After the service, Mills-Knutsen shared that Willenborg had had a bright future, and she always had a bright smile that matched her great sense of style and art.
“She brought beauty to the world. Everything she did, she tried to make it more beautiful,” said Mills-Knutsen.
The 15-minute memorial service was a quiet time of prayer for the victim, her family, the community, those in authority of public safety, appointed officials and finally the suspect, Richard Hooten.
“It’s what Christians do. Part of it is to pray, and it’s prayer for the world, and that’s why we gathered here. Because prayer is one response that we can make to horrific evil,” said Nancy Woodworth-Hill, co-pastor of St. Paul’s Episcopal Church.
The Downtown Clergy started No Life Forgotten in 2006 in response to a crime that occurred on Maple Street in Jeffersonville.
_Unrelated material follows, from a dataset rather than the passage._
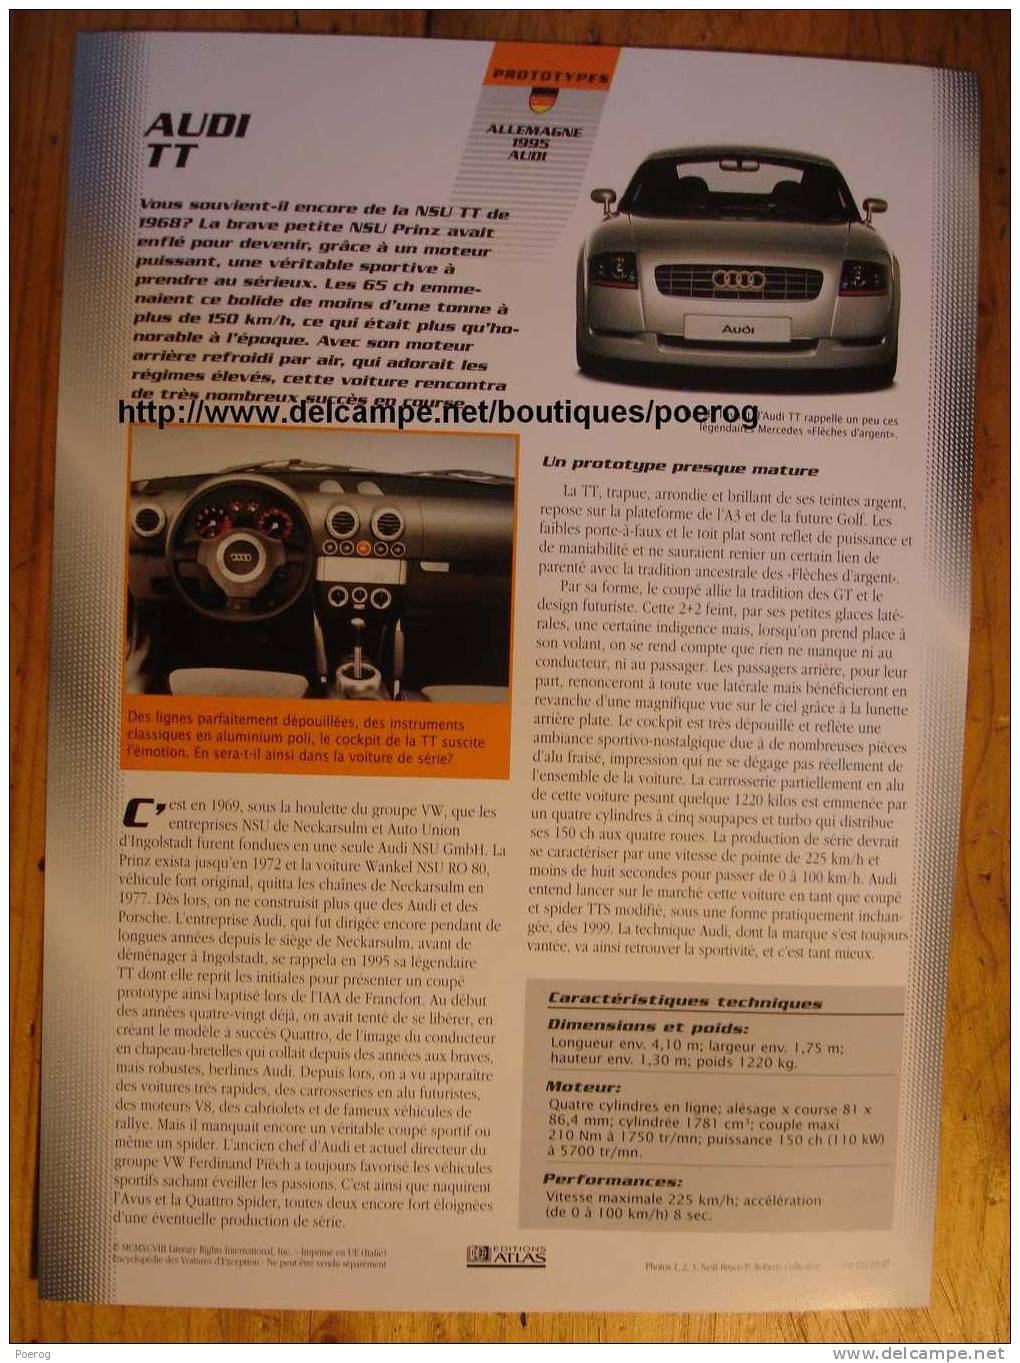 AUDI TT - FICHE VOITURE GRAND FORMAT (A4) - 1998 - Auto Automobile Automobiles Voitures Car Cars - Automobili

Since 2006, the group responds to one or two murders each year.
“Any time there’s a murder in our community, we always gather and we do a simple 15-minute service to reconsecrate the space,” Mills-Knutsen said. “We talk about reclaiming our neighborhood, because when violence happens it’s not just violence to one family, it’s to the whole community.”
The mission of No Life Forgotten is a means of supporting the family and affected community, and it addresses the need for the church community to offer a response to the murders that occur.
“I think we’re all aware that violence is increasing in our community right now, and every time we do these services we grieve for the families, and for the community,” Mills-Knutsen said. “We would like to do less of them, but it seems like we are doing more and more.”
John Hill, co-pastor at St. Paul’s Episcopal Church, explained that clergy “feel strongly to celebrate life, and not death.”
“This is a way for us to reaffirm that life,” said Hill.
Hooten, 49, is in the Michael L. Becher Correctional Complex in Jeffersonville. His charges include murder and rape. The Clark County Prosecutor’s office said Monday they have still not decided whether to seek the death penalty in the case.